> _Task to complete_
Once the images are removed, set down everything else in the listing below exactly.

> _Dataset excerpt_
== Segment start ==

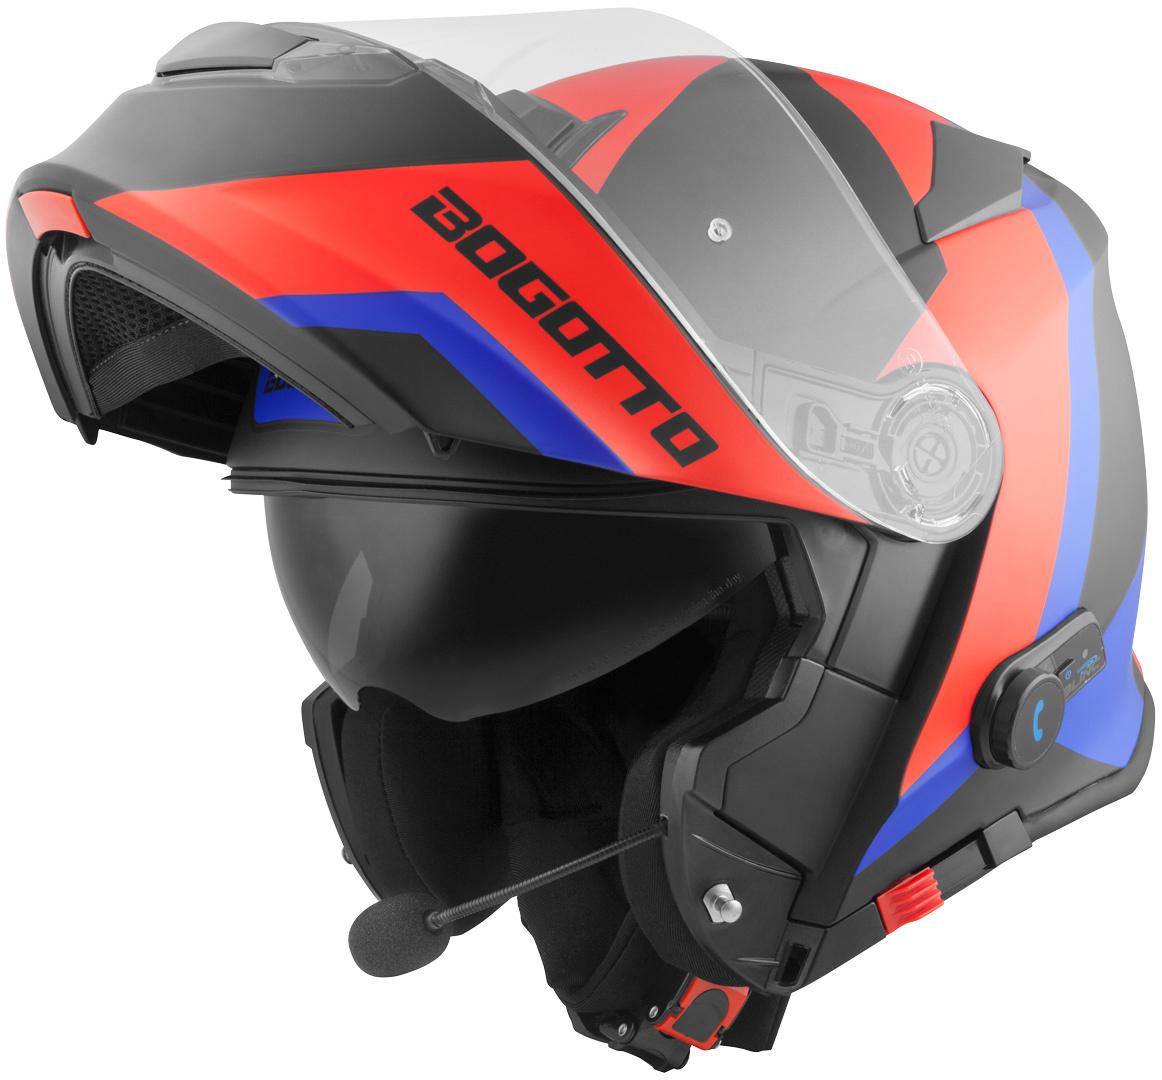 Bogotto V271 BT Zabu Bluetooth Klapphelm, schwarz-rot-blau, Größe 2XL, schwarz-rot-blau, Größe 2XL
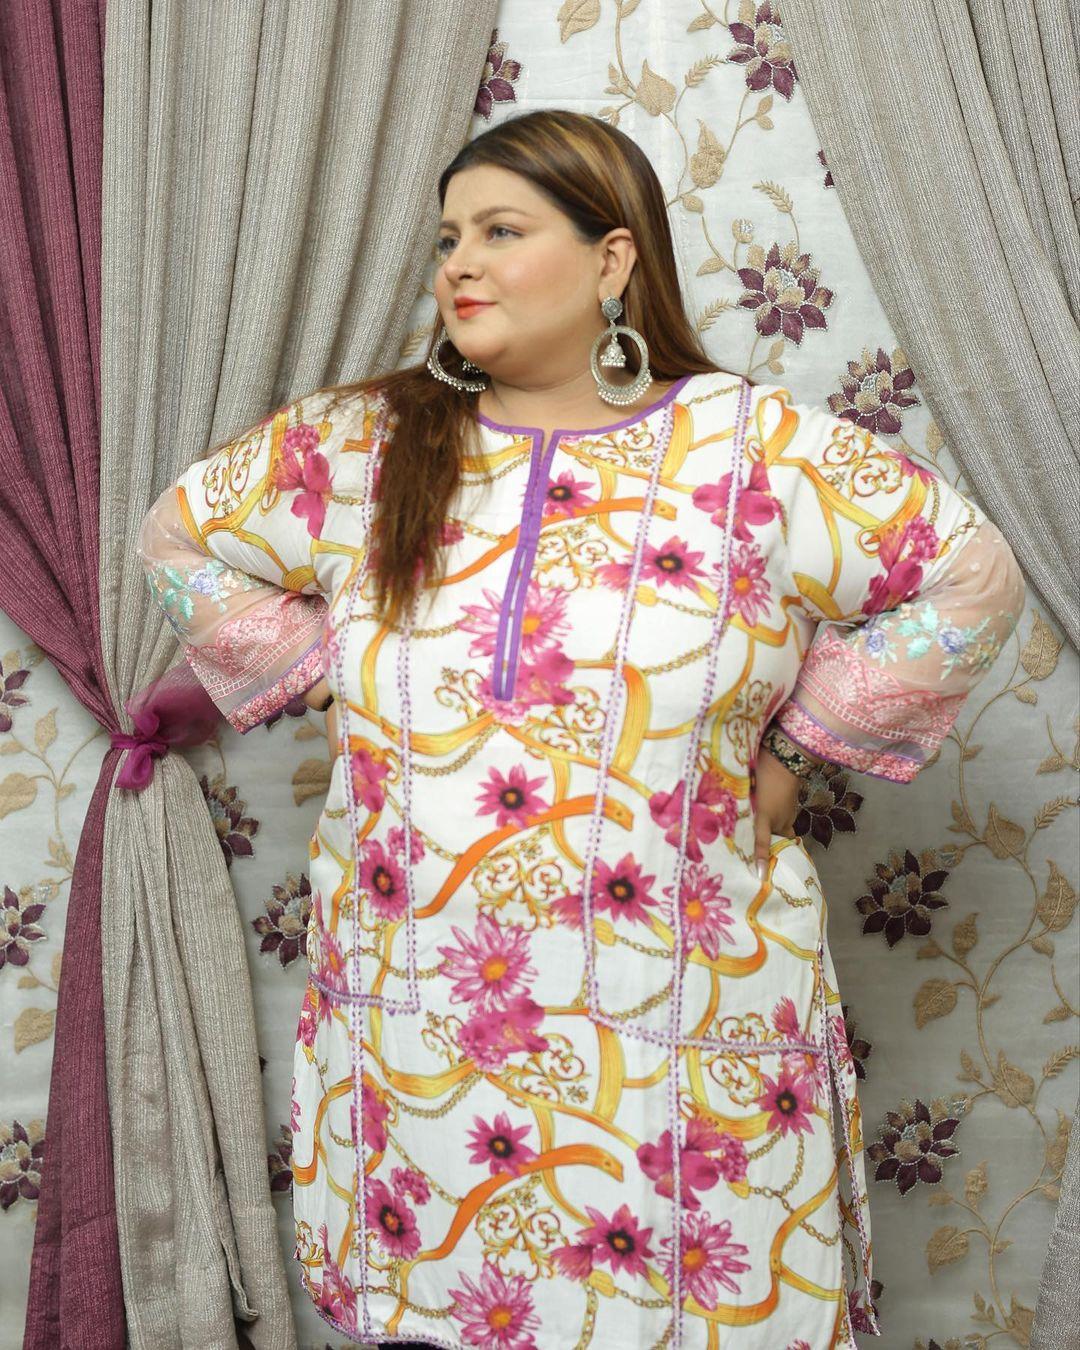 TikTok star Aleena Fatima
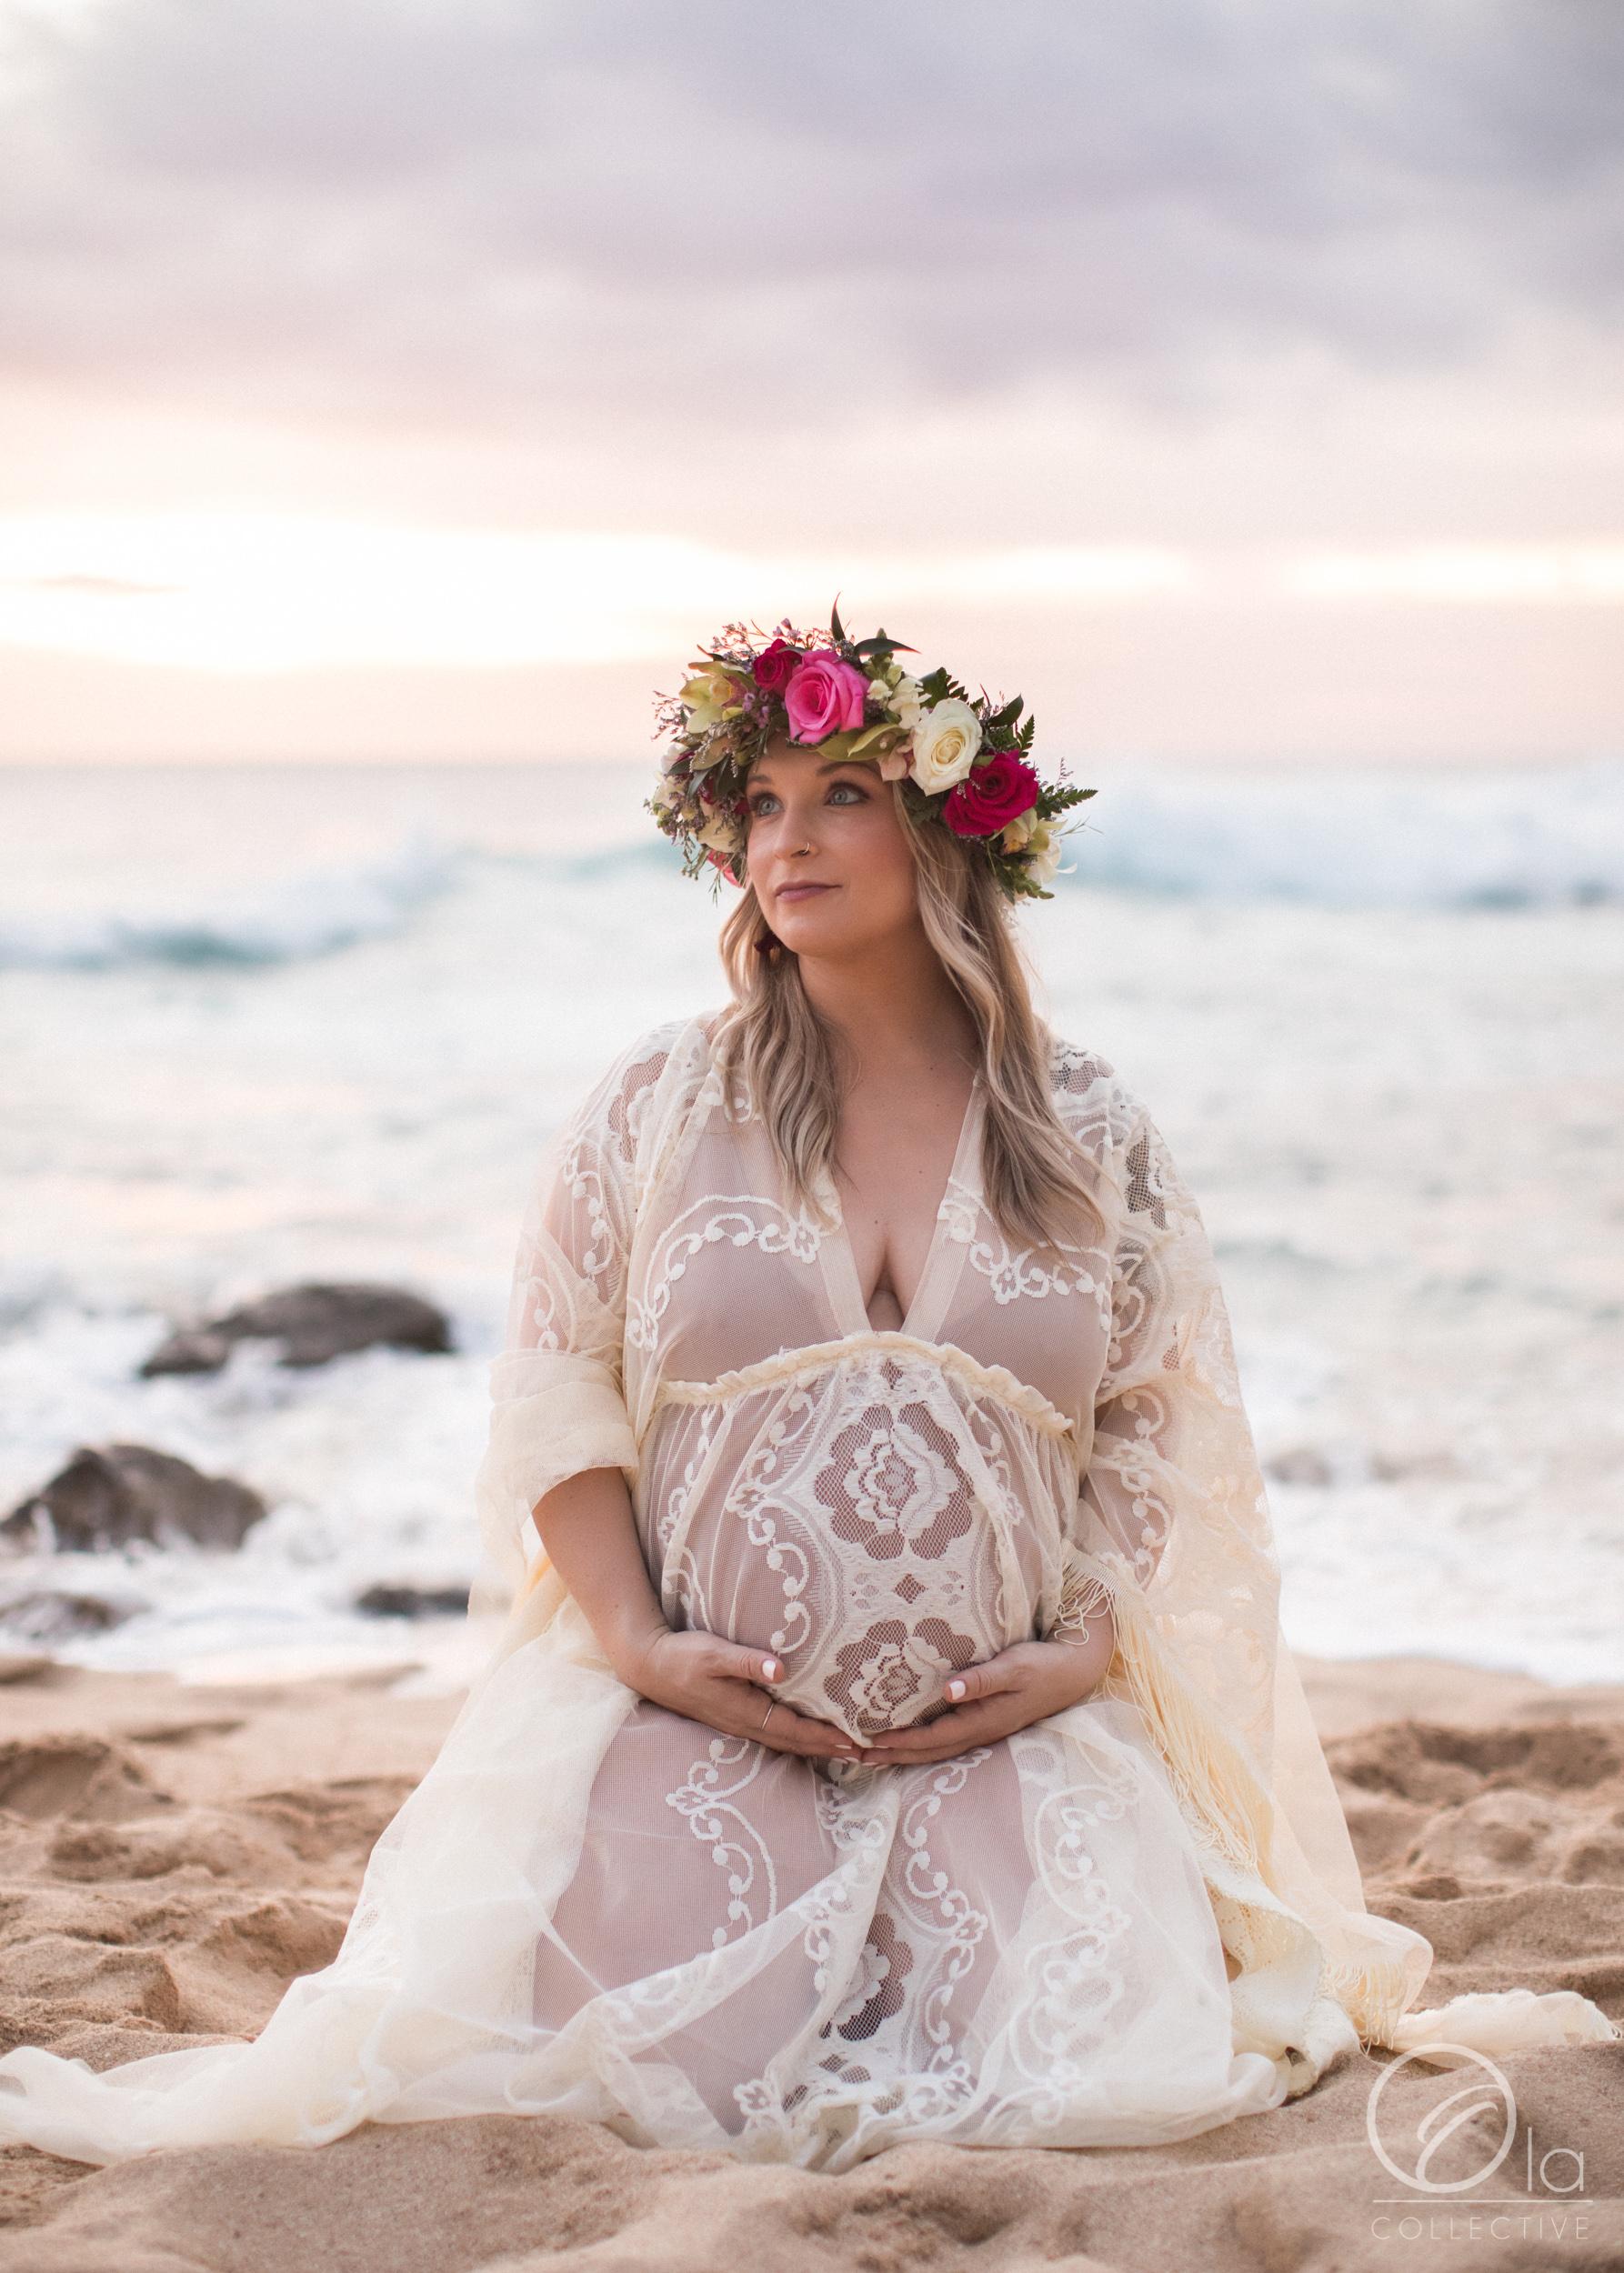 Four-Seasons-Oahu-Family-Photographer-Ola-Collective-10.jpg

== Segment end ==

> _Result of the exercise_
 Bogotto V271 BT Zabu Bluetooth Klapphelm, schwarz-rot-blau, Größe 2XL, schwarz-rot-blau, Größe 2XL
 TikTok star Aleena Fatima
 Four-Seasons-Oahu-Family-Photographer-Ola-Collective-10.jpg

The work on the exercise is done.